The data cache miss rate gives a measure how often it was necessary to get cache lines from higher levels of the memory hierarchy. A lower miss rate is better, as it means data is being successfully retrieved from the cache more often.

  • (Cache) Miss ratio: The data cache miss ratio tells you how many of your memory references required a cache line to be loaded from a higher level. It is

similar to the cache miss rate but is a ratio rather than a percentage. It’s calculated as the number of cache misses divided by the total number of cache accesses. While the data cache miss rate might be given by your algorithm you should try to get data cache miss ratio as low as possible by increasing your cache reuse.

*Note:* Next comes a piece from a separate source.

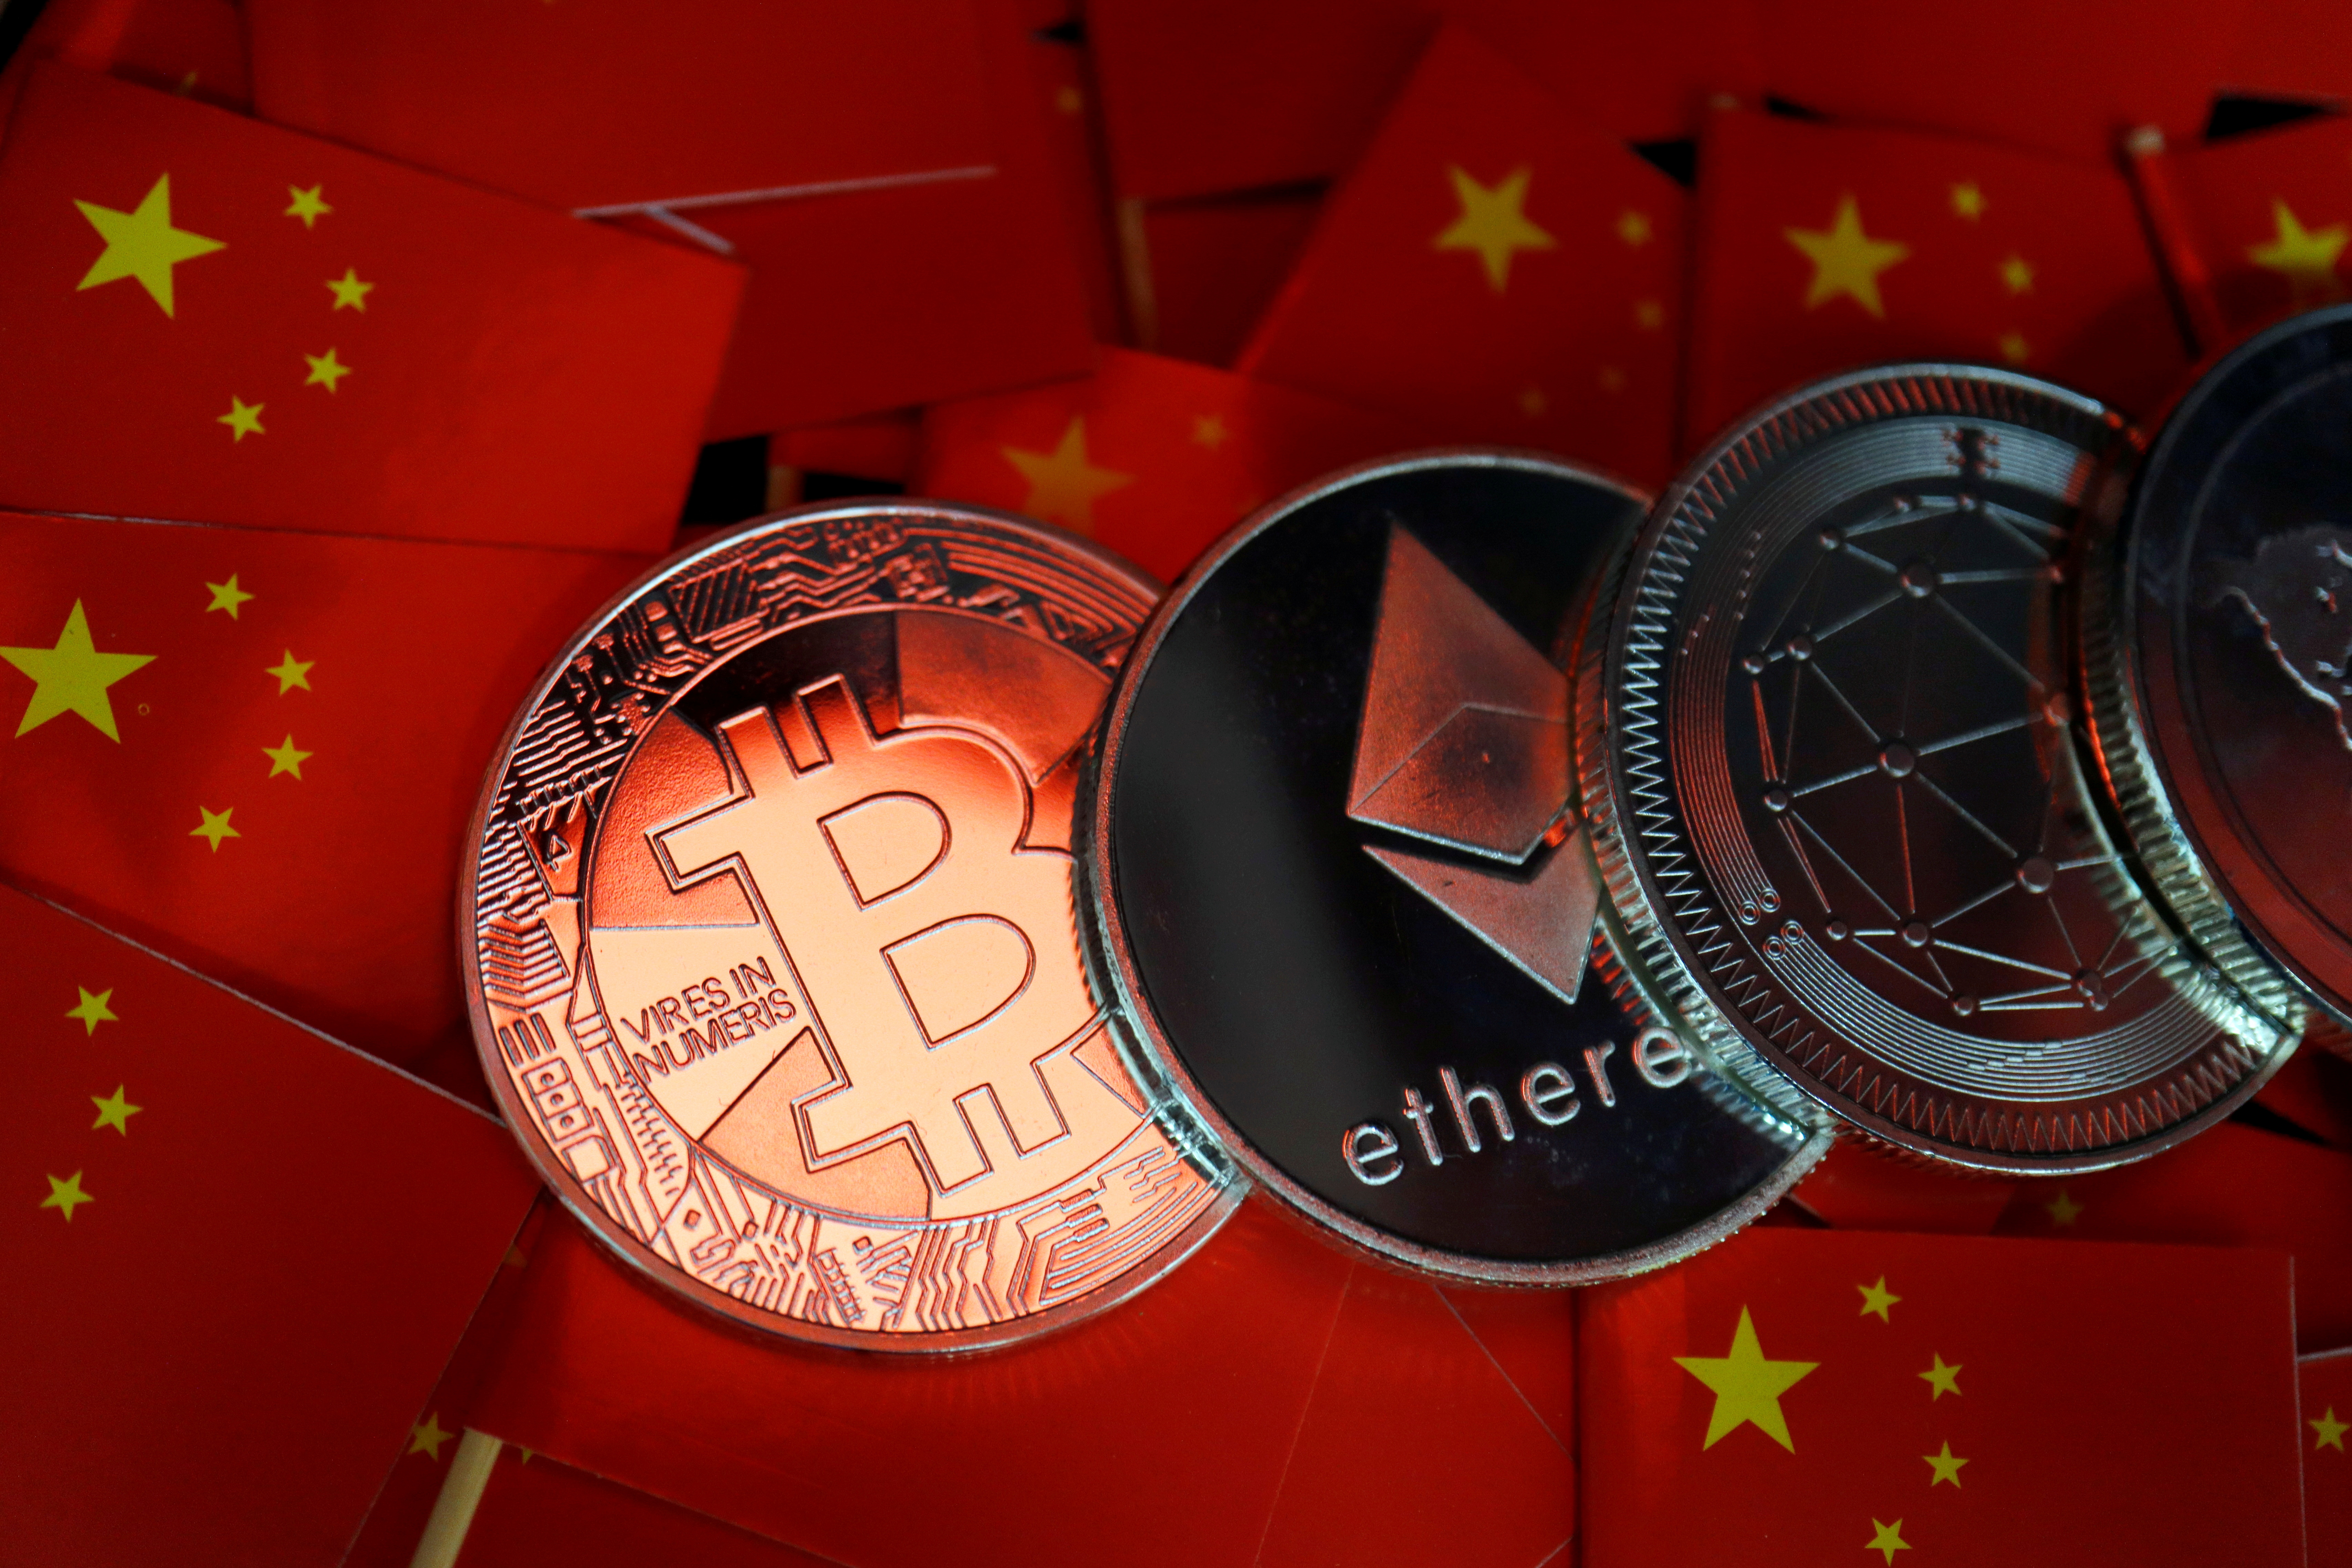 Representations of Bitcoin and other cryptocurrencies are seen amid China's flags in this illustration picture taken September 27, 2021. REUTERS/Florence Lo/Illustration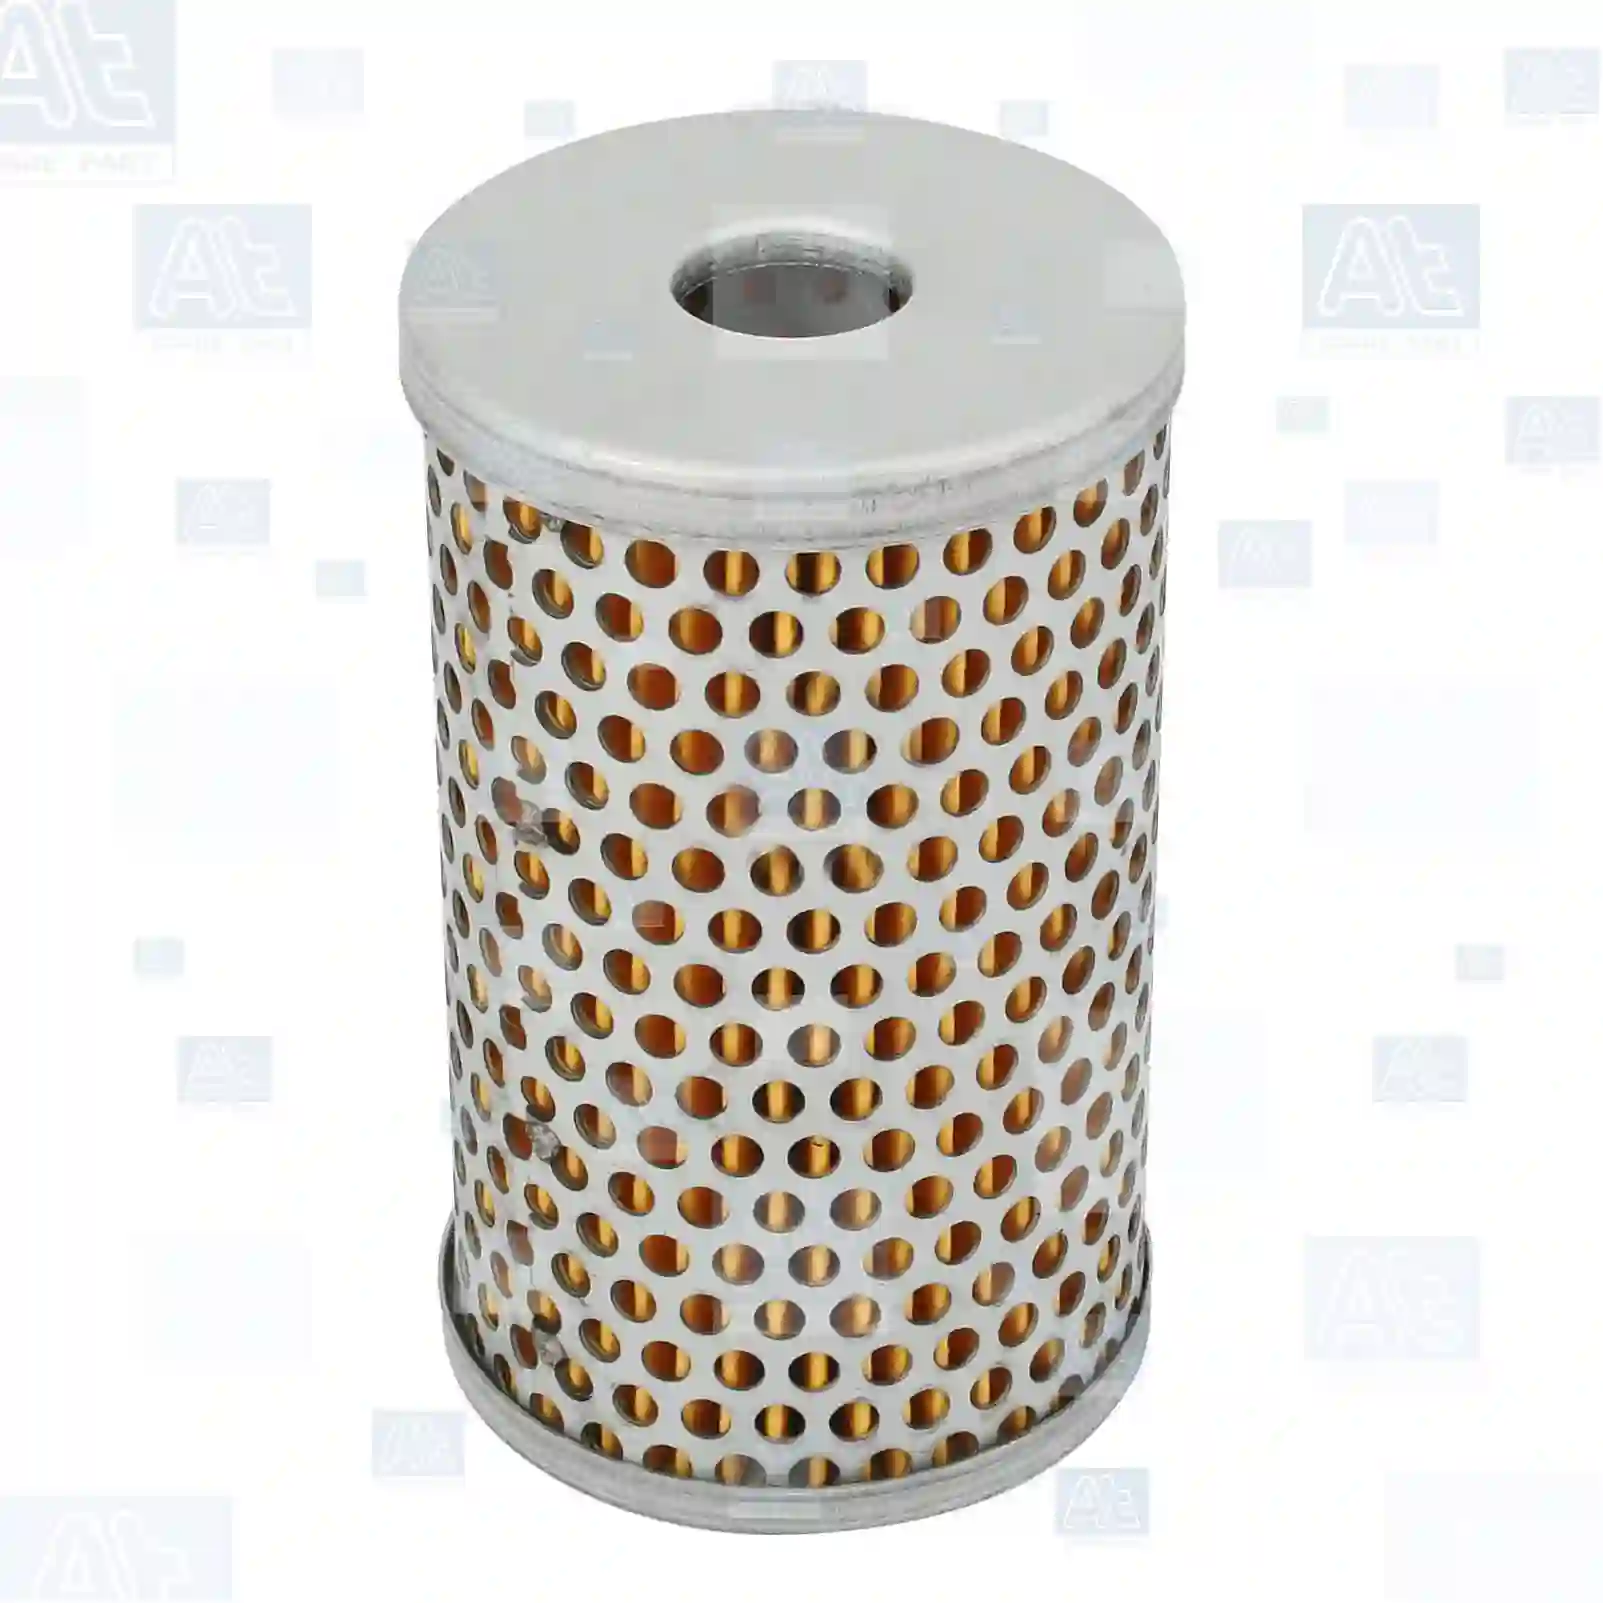 Oil filter insert, 77705048, 01902137, 02966261, T11145397, 0004662804, 0661135, 0661160, 11420661132, 11420661135, 11420661160, 11421256260, 11429061088, 11507423009, 11507425104, 32411120717, 11842225, 1842225, 1844901, 4660204, 4660604, 0229348, 1500663, 2293248, 229348, 491810, 7632141111, 905480, BBU5866, 02966251, 02966261, 2680500218, 00269661, 01902137, 02696621, 02966251, 02966261, 09914553, 42559501, 45481348, 5000674, 5000675, 5000676, 5011425, 5012553, OG0000084646, 5577966, 7984959, 9975217, 5577966, 7984260, 7984959, 93156615, 97094732, 2889829M91, 371912793, 04045601, 00966261, 01268424, 01902137, 01908082, 02696621, 02966251, 02966261, 09914553, 1902137, 2966261, 42553041, 42559501, 503120251, 5000820895, 5001018962, 02966251, 02966261, 81473016005, 81473070008, 85400003330, 2889829, 2889829M91, 0000940404, 0001184225, 0001842225, 0001842325, 0001844701, 0001844901, 0001845801, 0001846301, 0001846525, 0004660204, 0004660404, 0004660604, 0004662804, 0004663004, 0011842225, 0021841125, 1021800109, 1021840425, 8225000030, 8225000232, 013200300, 5000814407, 5000820895, 5001871595, 5021107375, 6005019563, 6005019804, 7400349619, 7420580233, 7421392404, 8499135552, HD604, 00119590, 1343242, 153465, 153468, 1953094, 8225000030, 8225000232, 1296311510, 1696311510, 5104504020, 480A4700748, 480A470060, 480A470748, 5011070580, 216230, 632114112, 15856180, 20580233, 21392404, 349619, 3496191, 3496197, 6612098, 7349619, 85103870, 2V5422384A, 400700504, T11145397, ZG03044-0008 ||  77705048 At Spare Part | Engine, Accelerator Pedal, Camshaft, Connecting Rod, Crankcase, Crankshaft, Cylinder Head, Engine Suspension Mountings, Exhaust Manifold, Exhaust Gas Recirculation, Filter Kits, Flywheel Housing, General Overhaul Kits, Engine, Intake Manifold, Oil Cleaner, Oil Cooler, Oil Filter, Oil Pump, Oil Sump, Piston & Liner, Sensor & Switch, Timing Case, Turbocharger, Cooling System, Belt Tensioner, Coolant Filter, Coolant Pipe, Corrosion Prevention Agent, Drive, Expansion Tank, Fan, Intercooler, Monitors & Gauges, Radiator, Thermostat, V-Belt / Timing belt, Water Pump, Fuel System, Electronical Injector Unit, Feed Pump, Fuel Filter, cpl., Fuel Gauge Sender,  Fuel Line, Fuel Pump, Fuel Tank, Injection Line Kit, Injection Pump, Exhaust System, Clutch & Pedal, Gearbox, Propeller Shaft, Axles, Brake System, Hubs & Wheels, Suspension, Leaf Spring, Universal Parts / Accessories, Steering, Electrical System, Cabin Oil filter insert, 77705048, 01902137, 02966261, T11145397, 0004662804, 0661135, 0661160, 11420661132, 11420661135, 11420661160, 11421256260, 11429061088, 11507423009, 11507425104, 32411120717, 11842225, 1842225, 1844901, 4660204, 4660604, 0229348, 1500663, 2293248, 229348, 491810, 7632141111, 905480, BBU5866, 02966251, 02966261, 2680500218, 00269661, 01902137, 02696621, 02966251, 02966261, 09914553, 42559501, 45481348, 5000674, 5000675, 5000676, 5011425, 5012553, OG0000084646, 5577966, 7984959, 9975217, 5577966, 7984260, 7984959, 93156615, 97094732, 2889829M91, 371912793, 04045601, 00966261, 01268424, 01902137, 01908082, 02696621, 02966251, 02966261, 09914553, 1902137, 2966261, 42553041, 42559501, 503120251, 5000820895, 5001018962, 02966251, 02966261, 81473016005, 81473070008, 85400003330, 2889829, 2889829M91, 0000940404, 0001184225, 0001842225, 0001842325, 0001844701, 0001844901, 0001845801, 0001846301, 0001846525, 0004660204, 0004660404, 0004660604, 0004662804, 0004663004, 0011842225, 0021841125, 1021800109, 1021840425, 8225000030, 8225000232, 013200300, 5000814407, 5000820895, 5001871595, 5021107375, 6005019563, 6005019804, 7400349619, 7420580233, 7421392404, 8499135552, HD604, 00119590, 1343242, 153465, 153468, 1953094, 8225000030, 8225000232, 1296311510, 1696311510, 5104504020, 480A4700748, 480A470060, 480A470748, 5011070580, 216230, 632114112, 15856180, 20580233, 21392404, 349619, 3496191, 3496197, 6612098, 7349619, 85103870, 2V5422384A, 400700504, T11145397, ZG03044-0008 ||  77705048 At Spare Part | Engine, Accelerator Pedal, Camshaft, Connecting Rod, Crankcase, Crankshaft, Cylinder Head, Engine Suspension Mountings, Exhaust Manifold, Exhaust Gas Recirculation, Filter Kits, Flywheel Housing, General Overhaul Kits, Engine, Intake Manifold, Oil Cleaner, Oil Cooler, Oil Filter, Oil Pump, Oil Sump, Piston & Liner, Sensor & Switch, Timing Case, Turbocharger, Cooling System, Belt Tensioner, Coolant Filter, Coolant Pipe, Corrosion Prevention Agent, Drive, Expansion Tank, Fan, Intercooler, Monitors & Gauges, Radiator, Thermostat, V-Belt / Timing belt, Water Pump, Fuel System, Electronical Injector Unit, Feed Pump, Fuel Filter, cpl., Fuel Gauge Sender,  Fuel Line, Fuel Pump, Fuel Tank, Injection Line Kit, Injection Pump, Exhaust System, Clutch & Pedal, Gearbox, Propeller Shaft, Axles, Brake System, Hubs & Wheels, Suspension, Leaf Spring, Universal Parts / Accessories, Steering, Electrical System, Cabin

  • Energy sum: This is the total amount of energy consumed by each node. It’s measured in W. It is calculated by first adding the rapl counters of both sockets

together and then adding a constant of 220 W for the energy consumption of other parts of the node.

  • Mem free: This is the amount of free memory available in the node. The data is saved in Bytes in the TimescaleDB and in GBytes in the JSON for Users.
  • Mem dirty: This is the amount of memory that has been modified but not yet written back to disk per node. The data is saved in Bytes in the TimescaleDB and

in GBytes in the JSON for Users.

  • CPU usage system: This is the percentage which is used by system tasks on a node basis.
  • CPU usage user: This is the percentage which is used by user tasks on a node basis.
  • Rcv data: This is the amount of data received over the network per node. The data is saved in Bytes/s in the TimescaleDB and in GBytes/s in the JSON for

Users. The data is calculated after the infiniband counter metric scheme.

  • Xmit data: This is the amount of data transmitted over the network per node. The data is saved in Bytes/s in the TimescaleDB and in GBytes/s in the JSON for

Users. The data is calculated after the infiniband counter metric scheme.